- Born: Joseph Paul Seiders 1979 or 1980 Winchester, Massachusetts, United States
- Occupations: Drummer, singer, composer
- Instruments: Drums, keyboard, accordion
- Years active: 1993–2025
- Formerly of: The New Pornographers

= Joe Seiders =

American drummer

Joseph Paul Seiders (born 1979 or 1980) is an American former touring/session multi-instrumentalist and convicted sex offender. He is best known as the drummer and backing vocalist for The New Pornographers from 2014 to 2025, when he was fired after being arrested for possession of child pornography.

Primarily a drummer, Seiders also sings, plays keyboards, accordion, and guitar. Seiders was born in Winchester, Massachusetts, and grew up in Derry, New Hampshire, attending Pinkerton Academy. Having a father who also played drums, he developed an interest in the drum kit at a very young age. He was also classically trained on piano from the age of five.

He has toured, recorded, and worked with a variety of artists, including The New Pornographers, Neko Case, Emitt Rhodes, John Oates, Tracy Bonham, Juliana Hatfield, Chris Mann, Gary Jules, Bleu, Josh Kaufman, Night Terrors of 1927, Val McCallum, among many others.

Seiders' percussion, accordion, and vocal talents were also featured in the 2015 Disney film, Tinker Bell and the Legend of the NeverBeast.

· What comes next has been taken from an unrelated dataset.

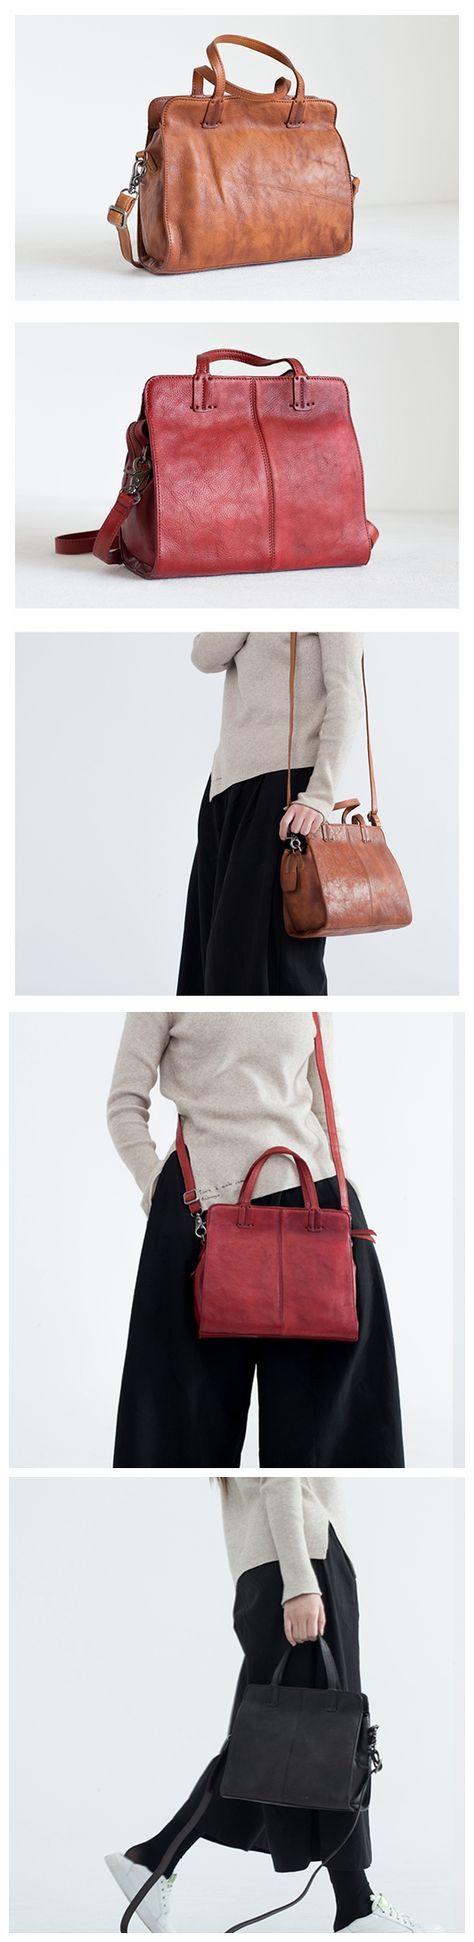 ed70b8a87c Handcrafted Full-Grain Leather Handbag Shoulder Bag Crossbody Bag Small  Satchel for Her SP02 -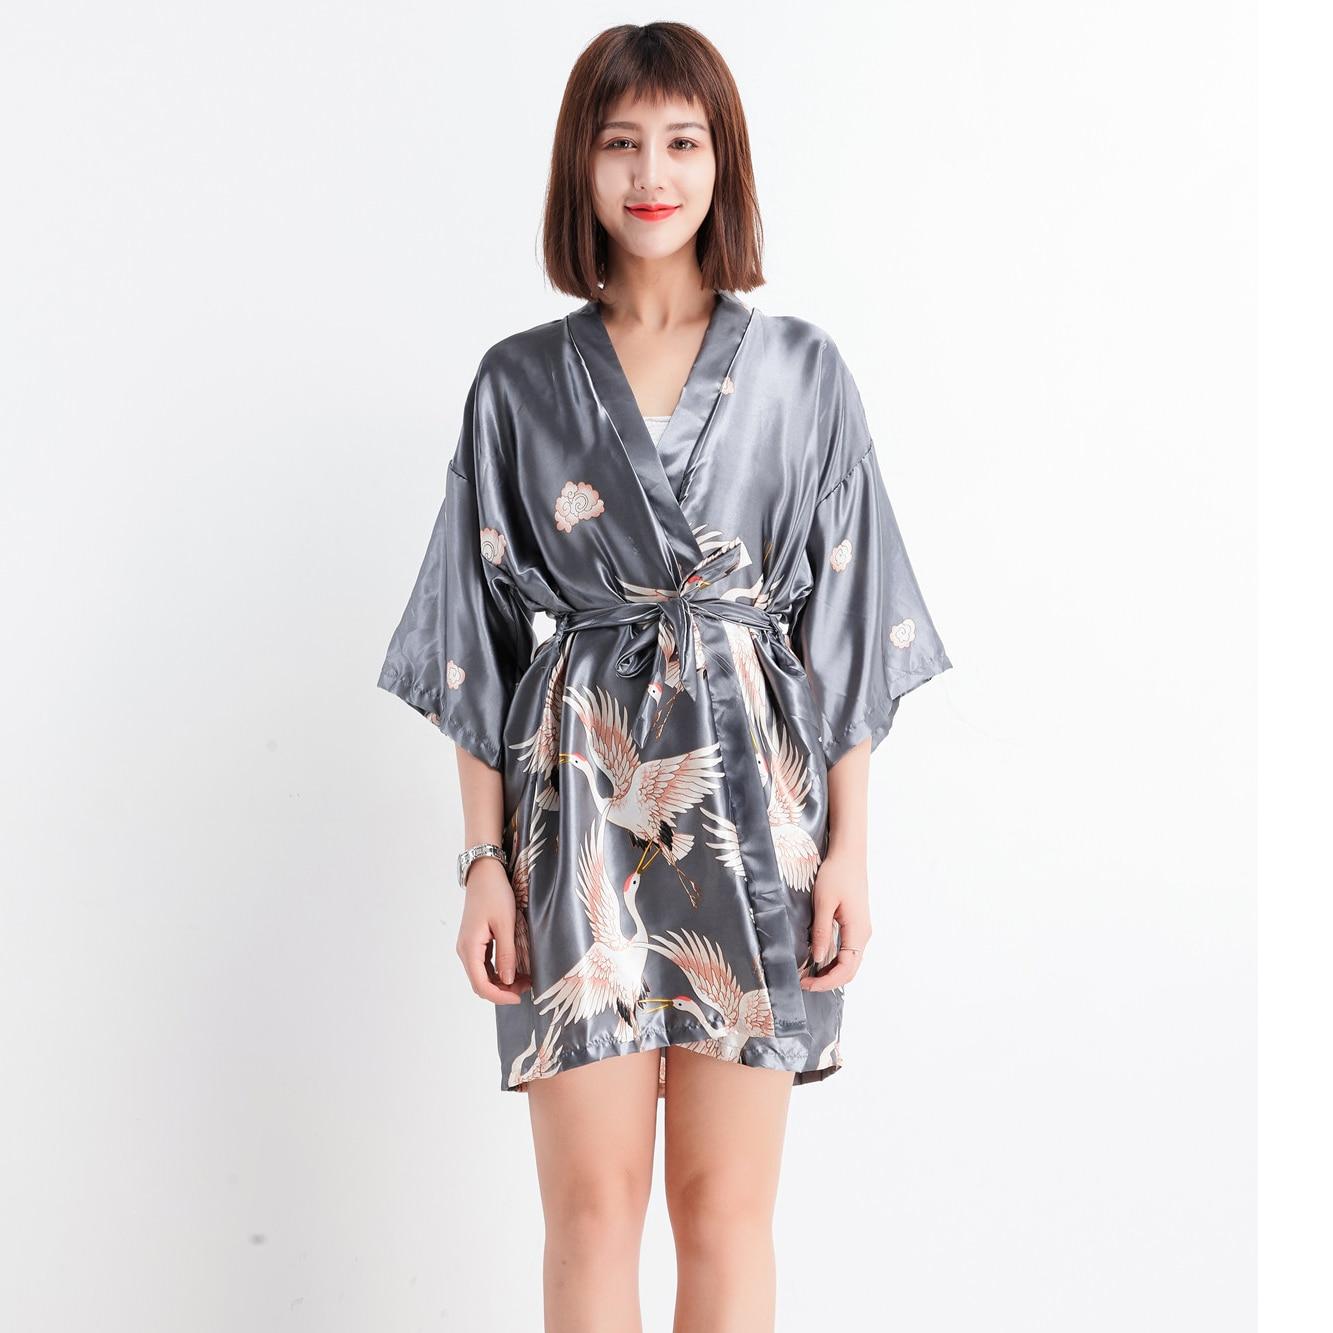 b7a206b8a0 2018-Summer-Women -Gray-Sleepwear-Elegant-Rayon-Nightgown-Wedding-Robe-Nightwear-Lady-Spa-Nightdress-Lounge-Kimono.jpg

Seiders is also known as an avid mixologist.

==Legal issues==
In April 2025, Seiders was arrested for charges including possession of child pornography after two incidents in a Chick-fil-A in Palm Desert, California. In one incident, an 11-year-old told deputies that a man in the restroom recorded him on his cell phone. Two days later, an employee told deputies a man was entering and exiting the restroom with minors. Police executed search warrants on Seiders' home, car and cell phone and found evidence implicating him in the incidents, along with evidence he possessed child pornography. Following the arrest, The New Pornographers confirmed that Seiders was no longer a member of the band.

Two additional minor victims later came forward, unrelated to the April incident.

Seiders pleaded guilty in June 2025 to charges including felony possession of child pornography. He was sentenced that September to three years in state prison.